#### Information
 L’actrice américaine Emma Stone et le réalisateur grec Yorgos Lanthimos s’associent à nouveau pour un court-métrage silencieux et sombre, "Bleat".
########
#### Information
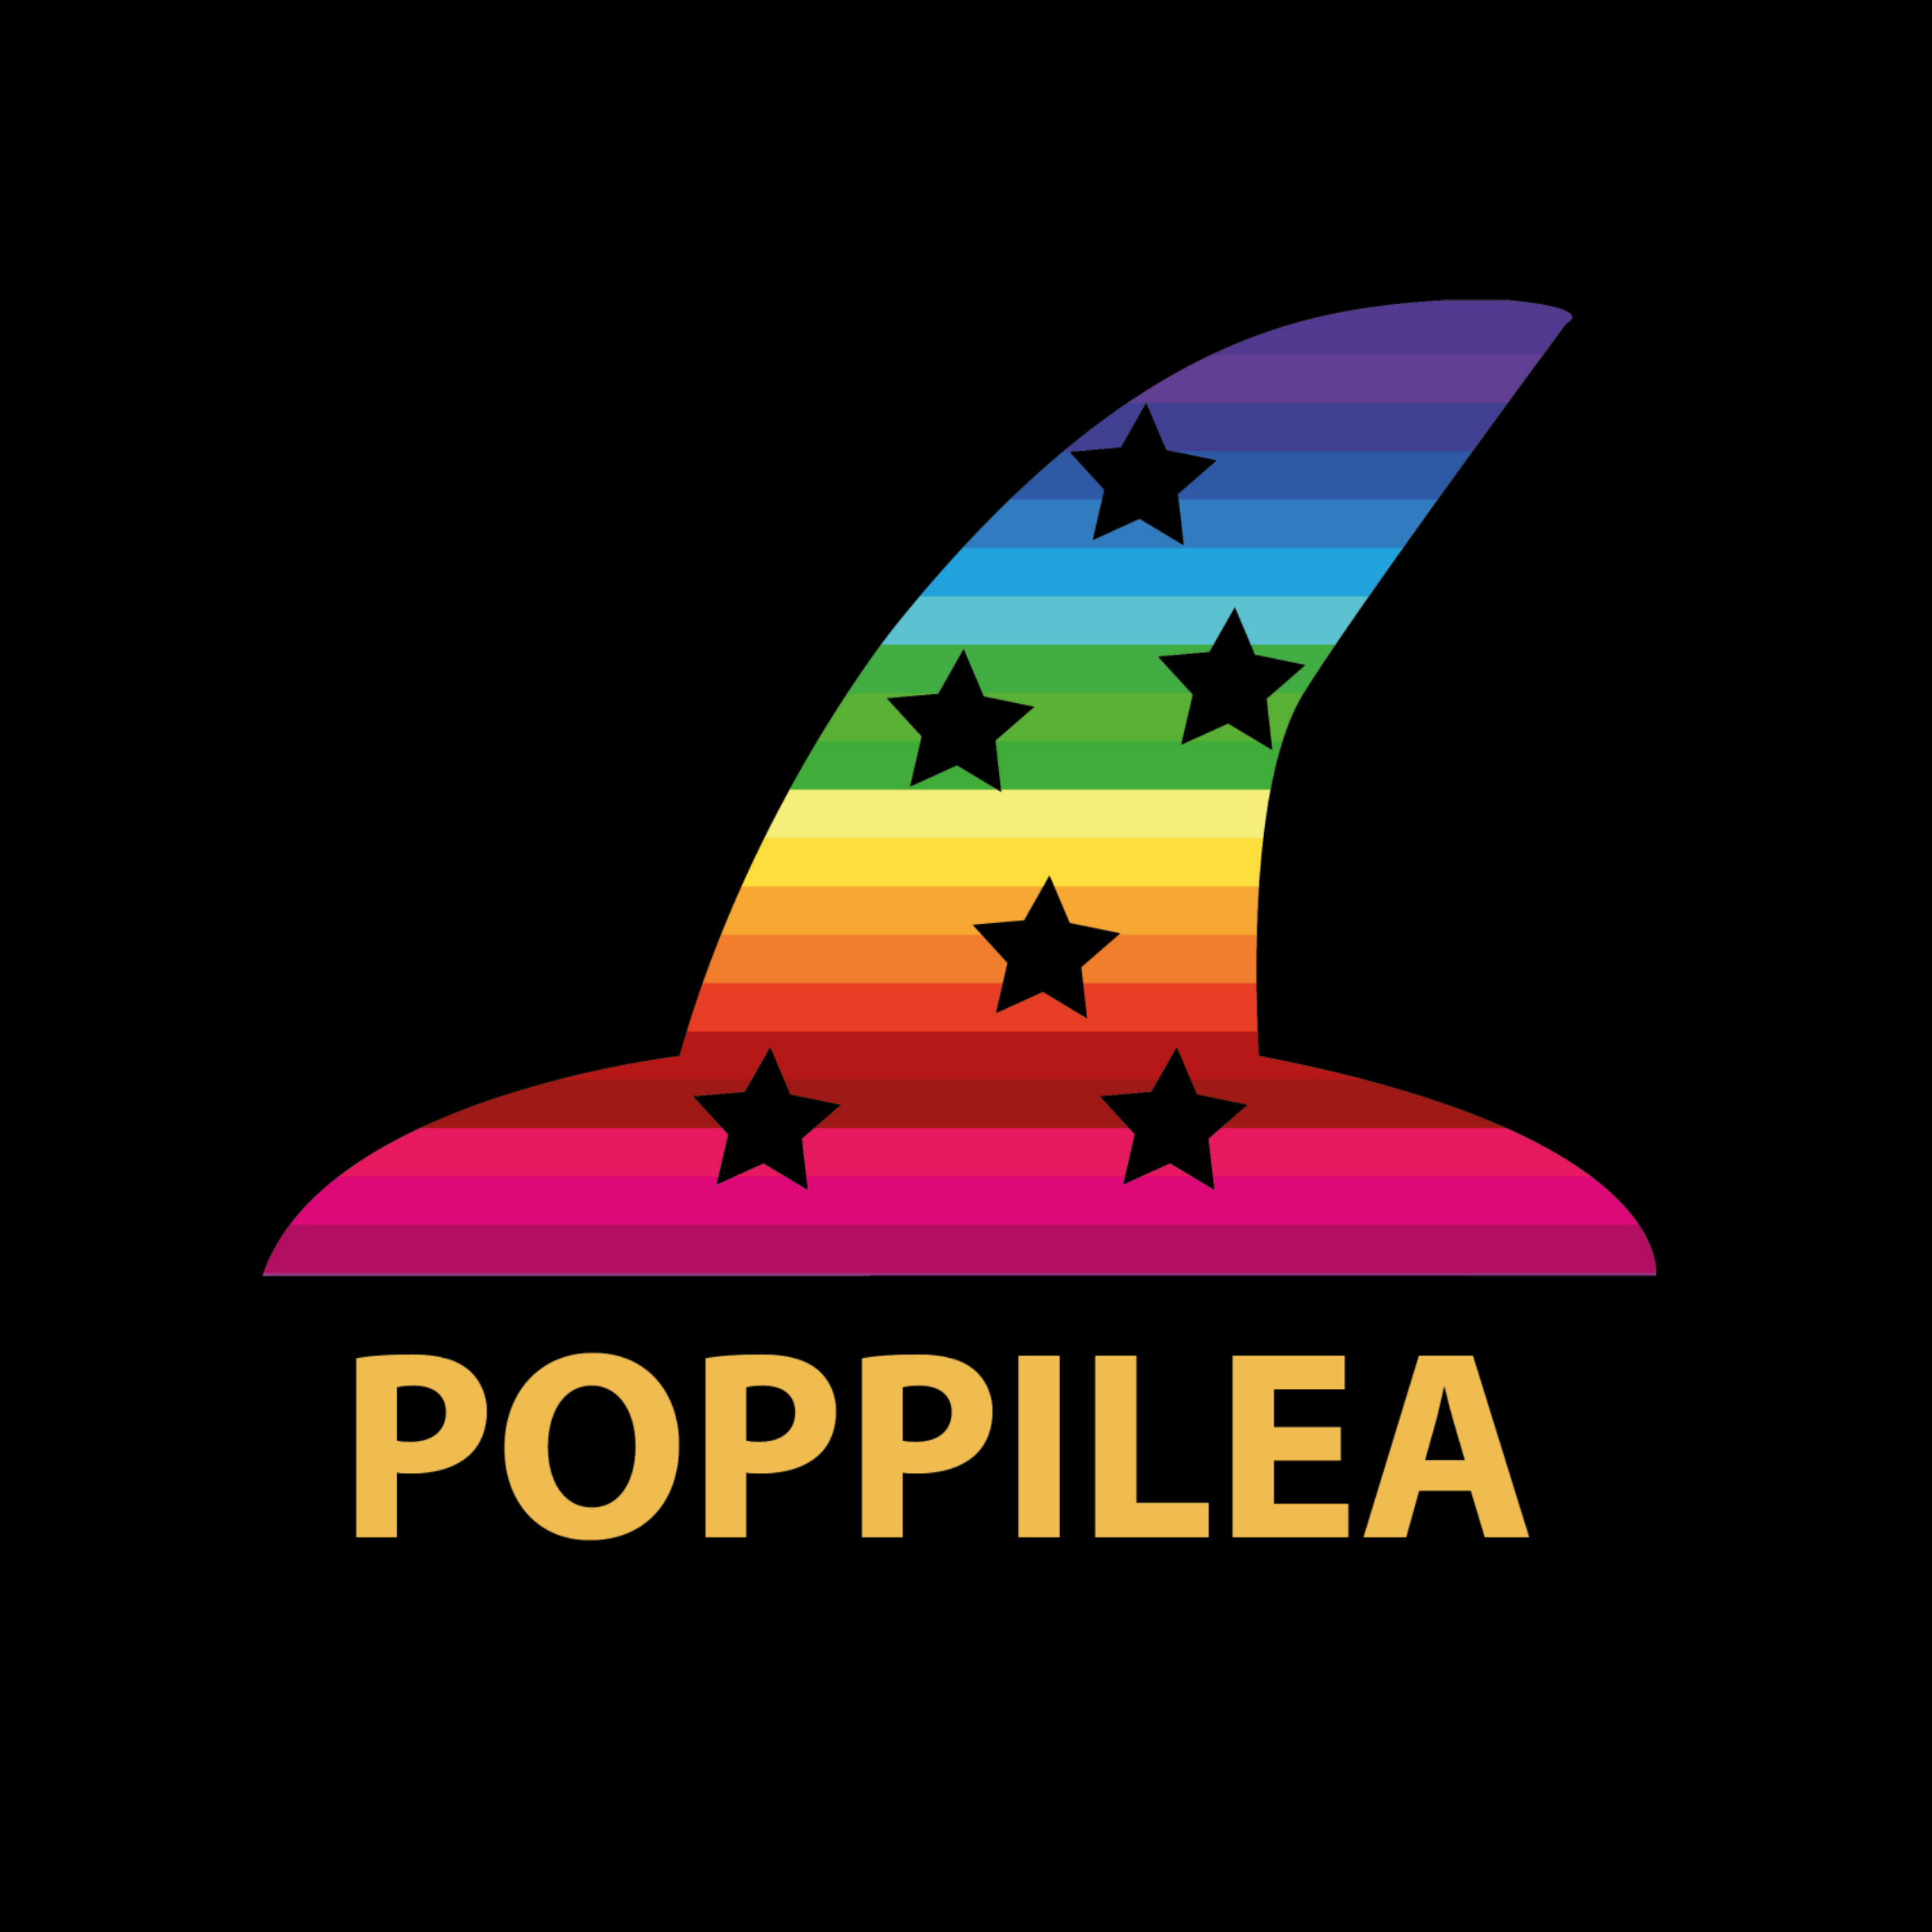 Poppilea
########
#### Information
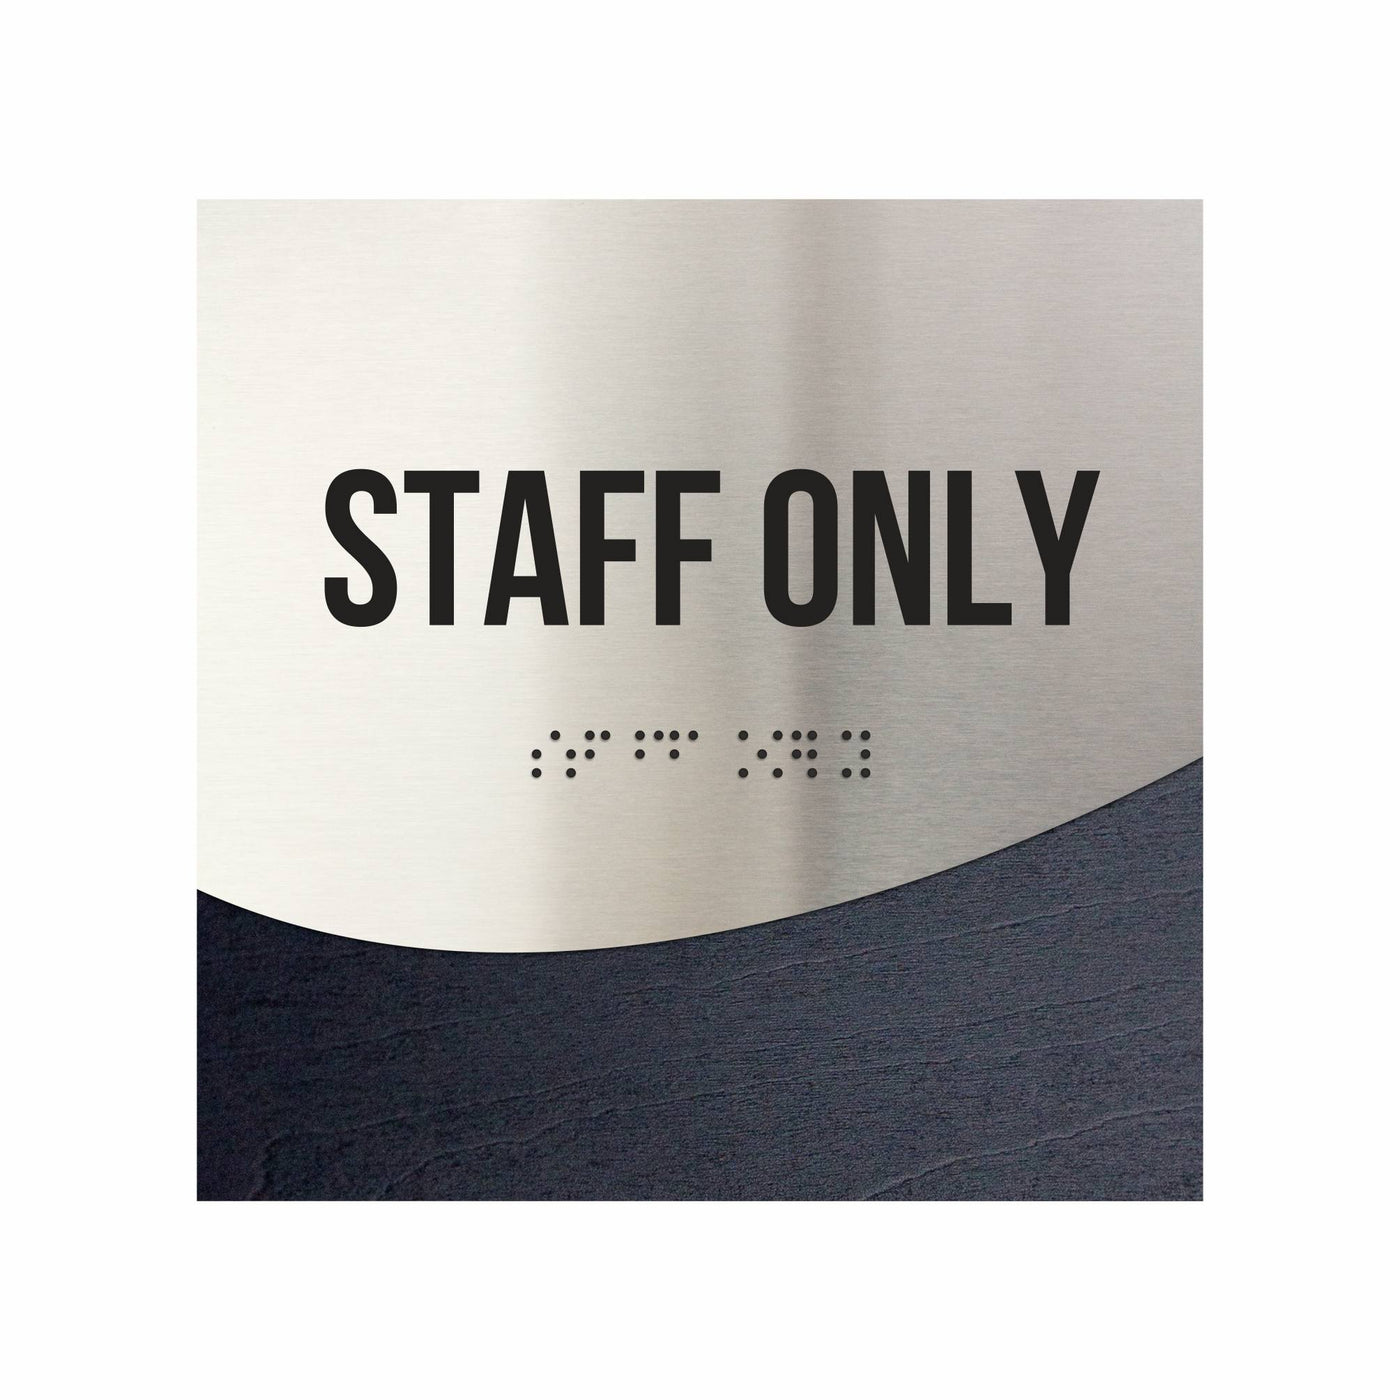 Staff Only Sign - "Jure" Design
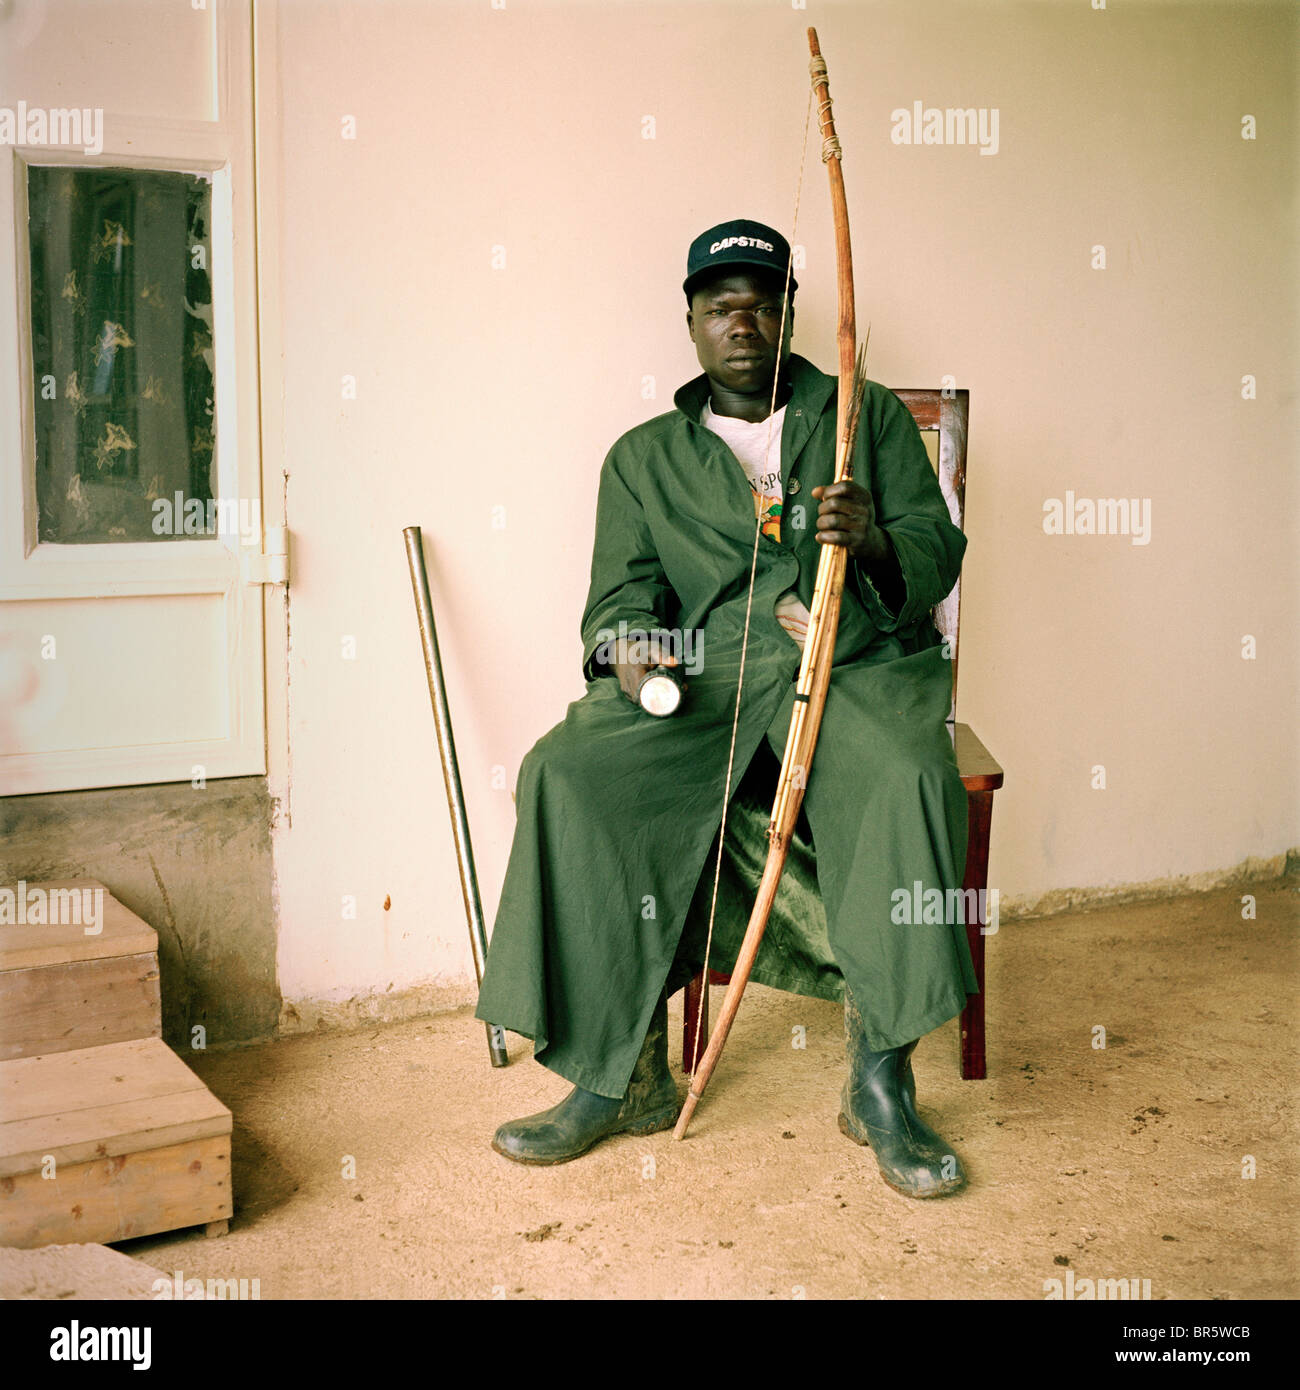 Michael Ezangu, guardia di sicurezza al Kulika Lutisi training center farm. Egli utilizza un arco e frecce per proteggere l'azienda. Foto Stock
########
From the records above, copy exactly the stretch from the line holding "Staff Only Sign" through the line holding "Michael Ezangu, guardia", both ends included, without the pictures.

# [Exercise answer]
 Staff Only Sign - "Jure" Design
 Michael Ezangu, guardia di sicurezza al Kulika Lutisi training center farm. Egli utilizza un arco e frecce per proteggere l'azienda. Foto Stock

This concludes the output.